══ Given material

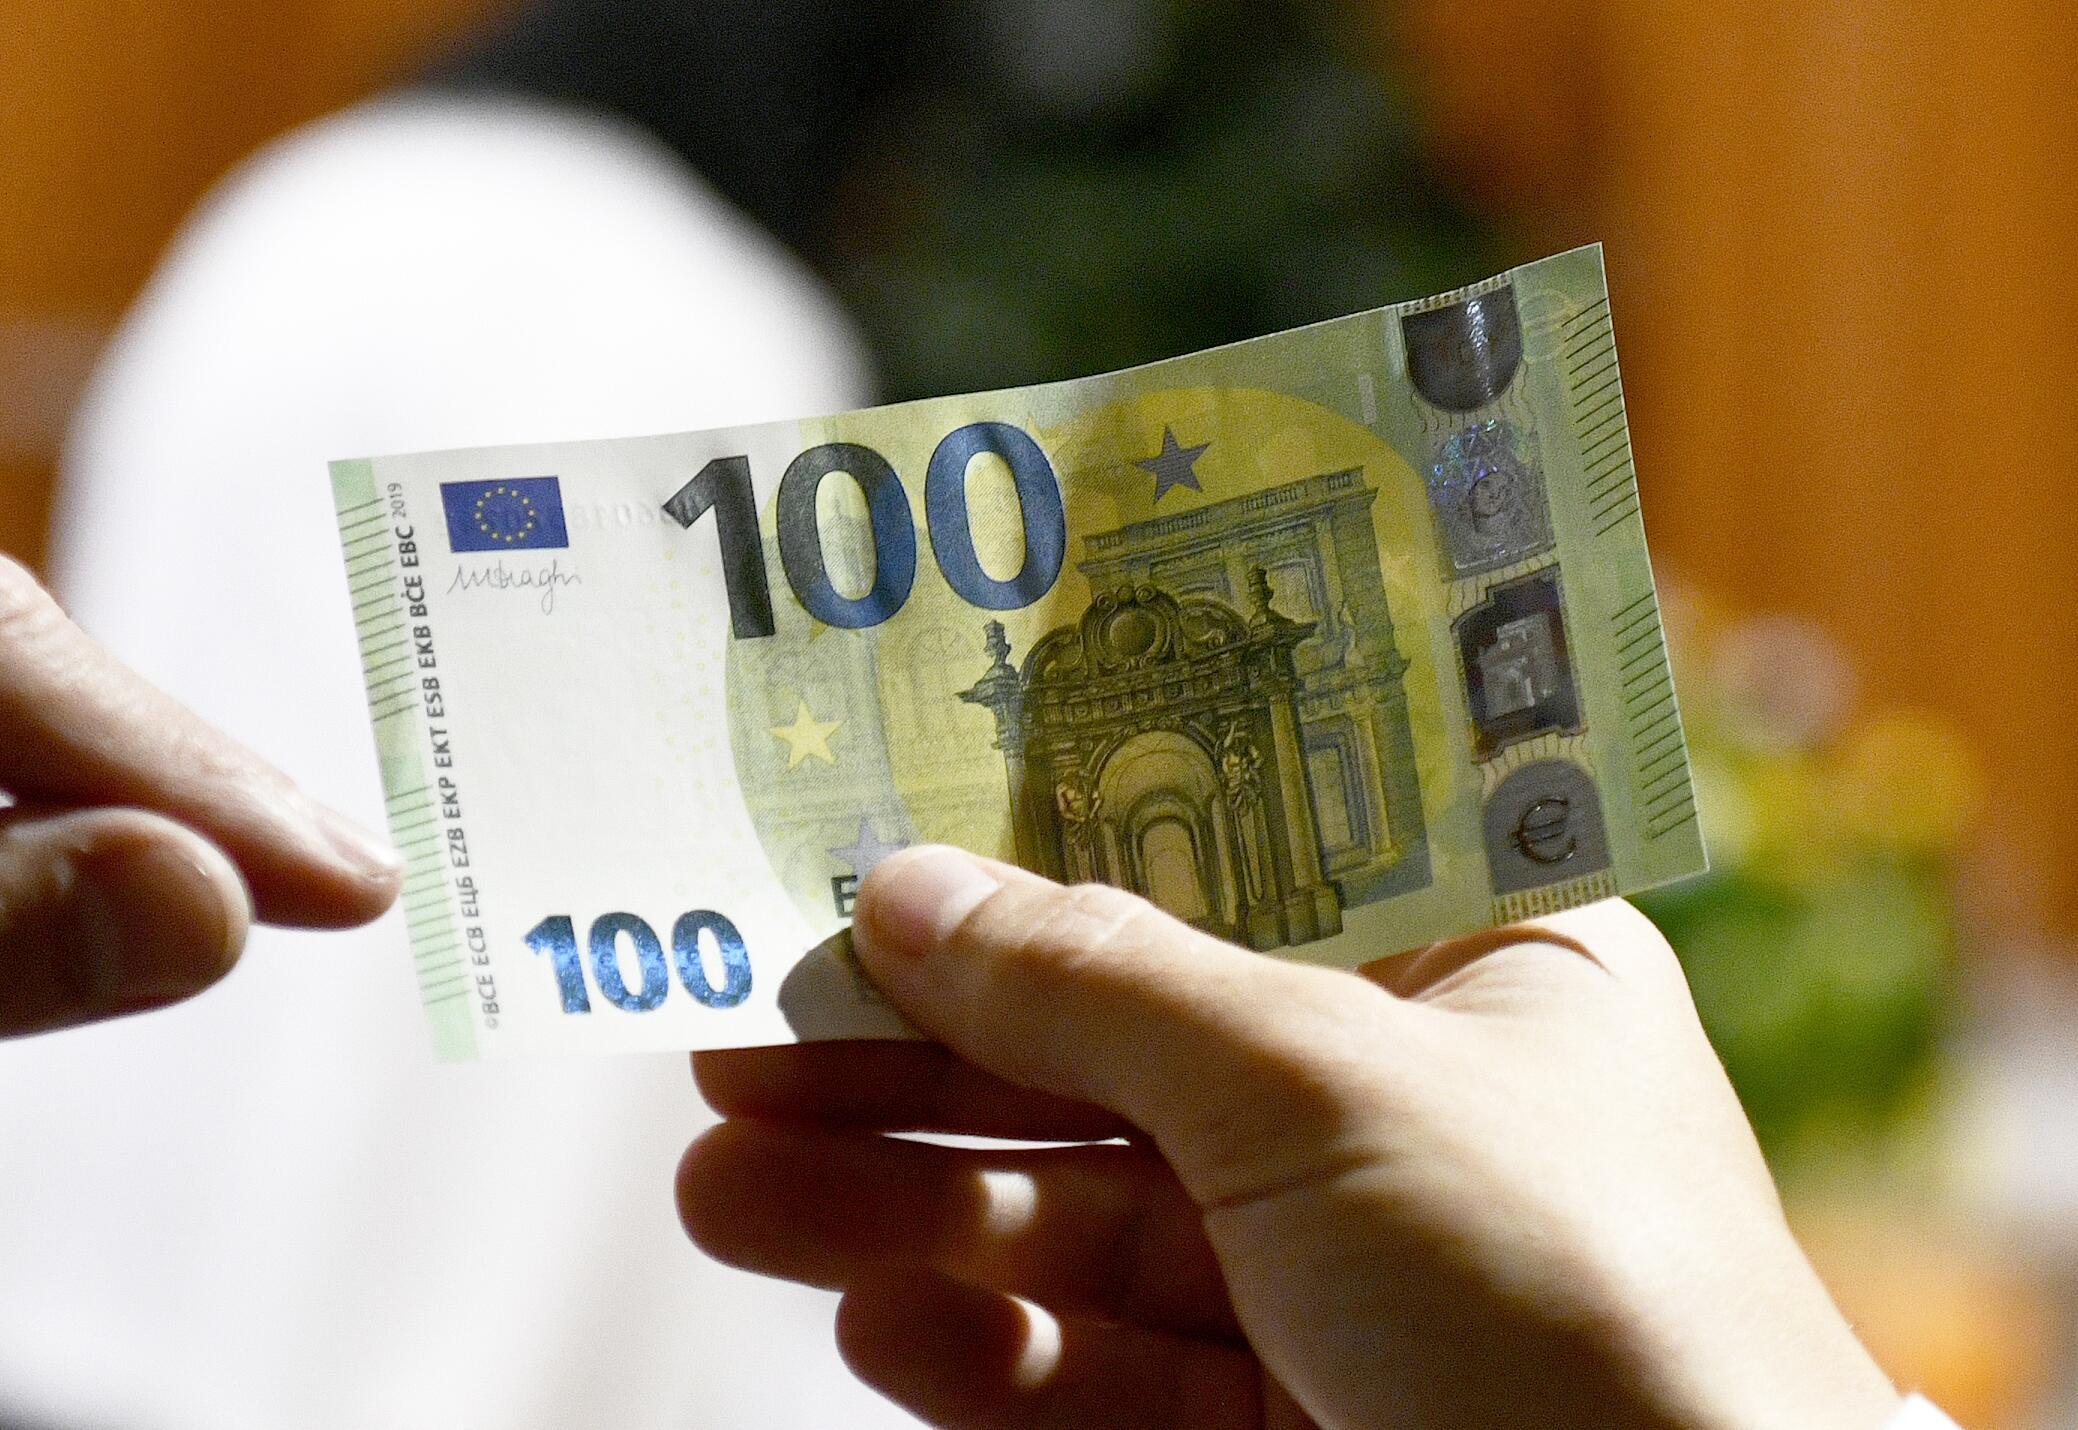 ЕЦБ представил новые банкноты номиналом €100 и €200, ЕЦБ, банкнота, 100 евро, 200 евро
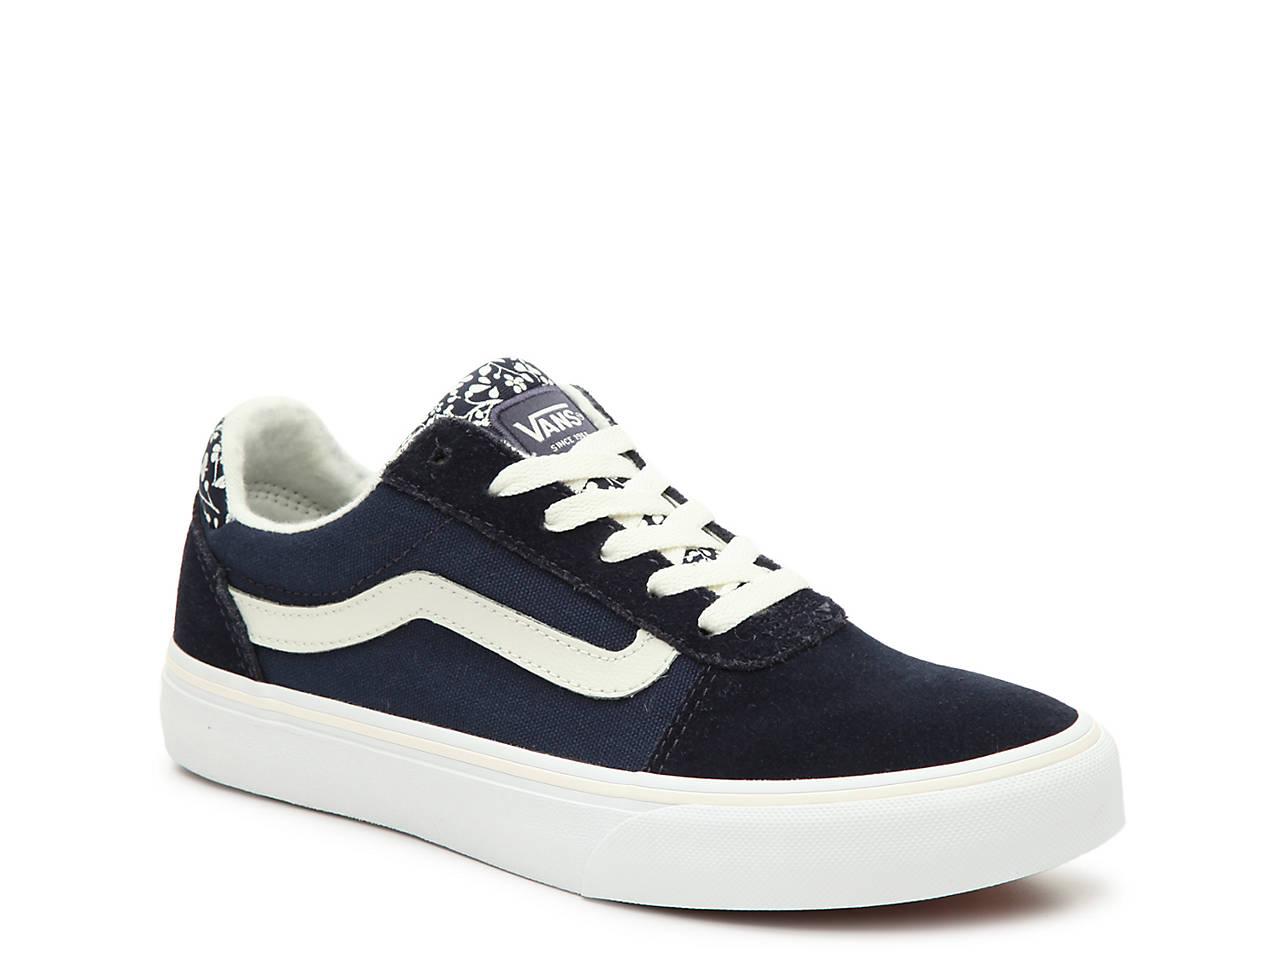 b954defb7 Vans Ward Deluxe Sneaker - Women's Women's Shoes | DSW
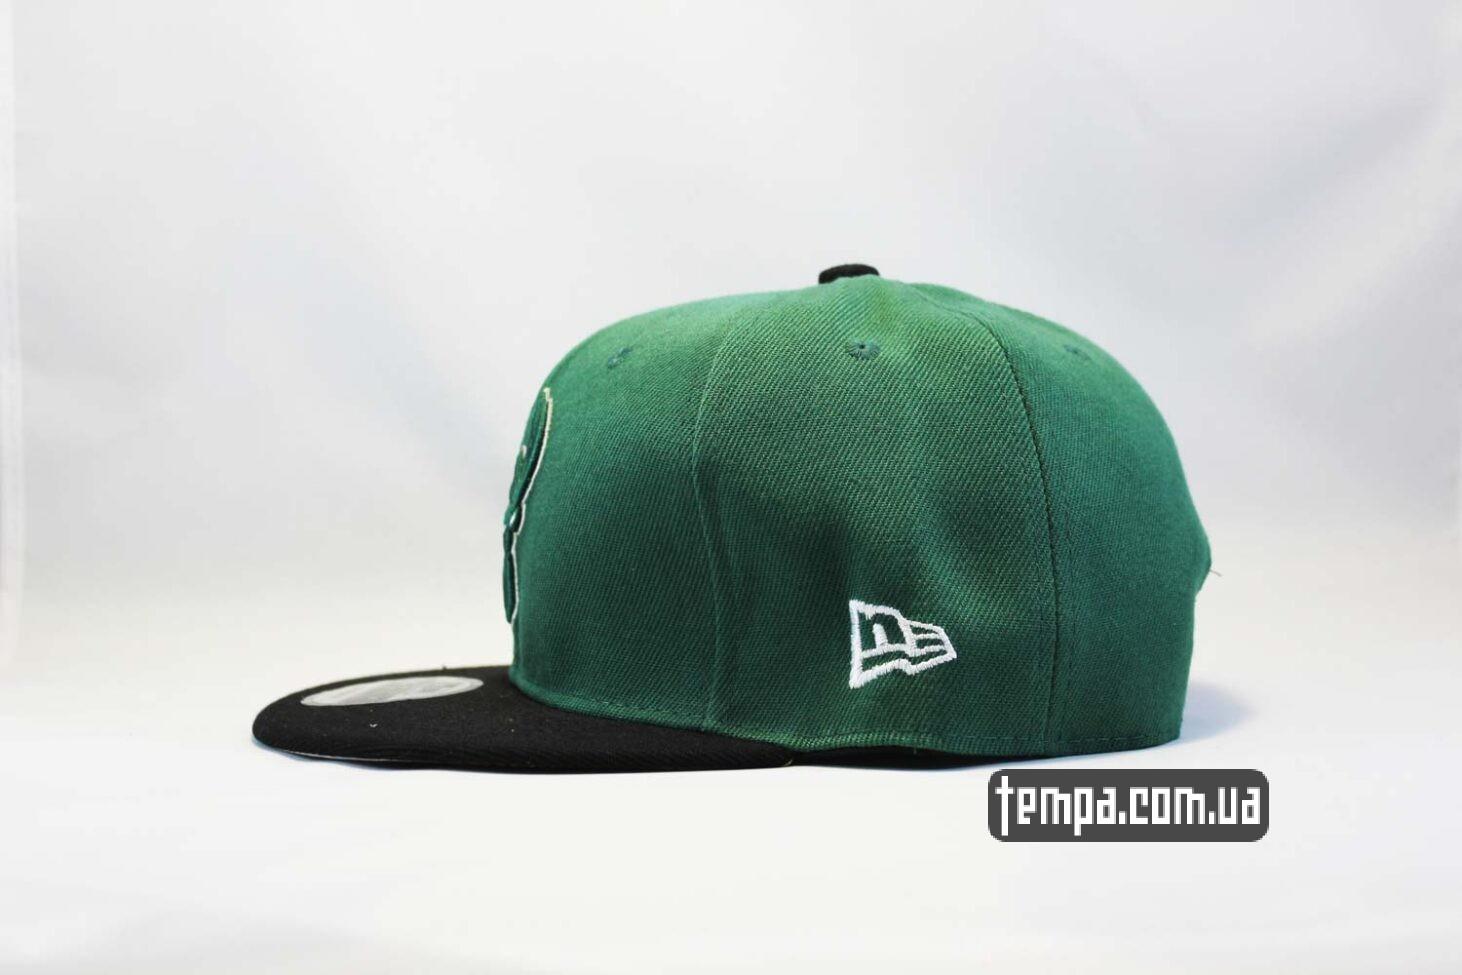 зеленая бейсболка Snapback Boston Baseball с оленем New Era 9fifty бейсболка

════

» **Exercise details**
Beginning with the line where "b954defb7 Vans Ward" appears, reproduce every remaining line of the listing above, the last one included, but none of the pictures.

» **Task result**
 b954defb7 Vans Ward Deluxe Sneaker - Women's Women's Shoes | DSW
 зеленая бейсболка Snapback Boston Baseball с оленем New Era 9fifty бейсболка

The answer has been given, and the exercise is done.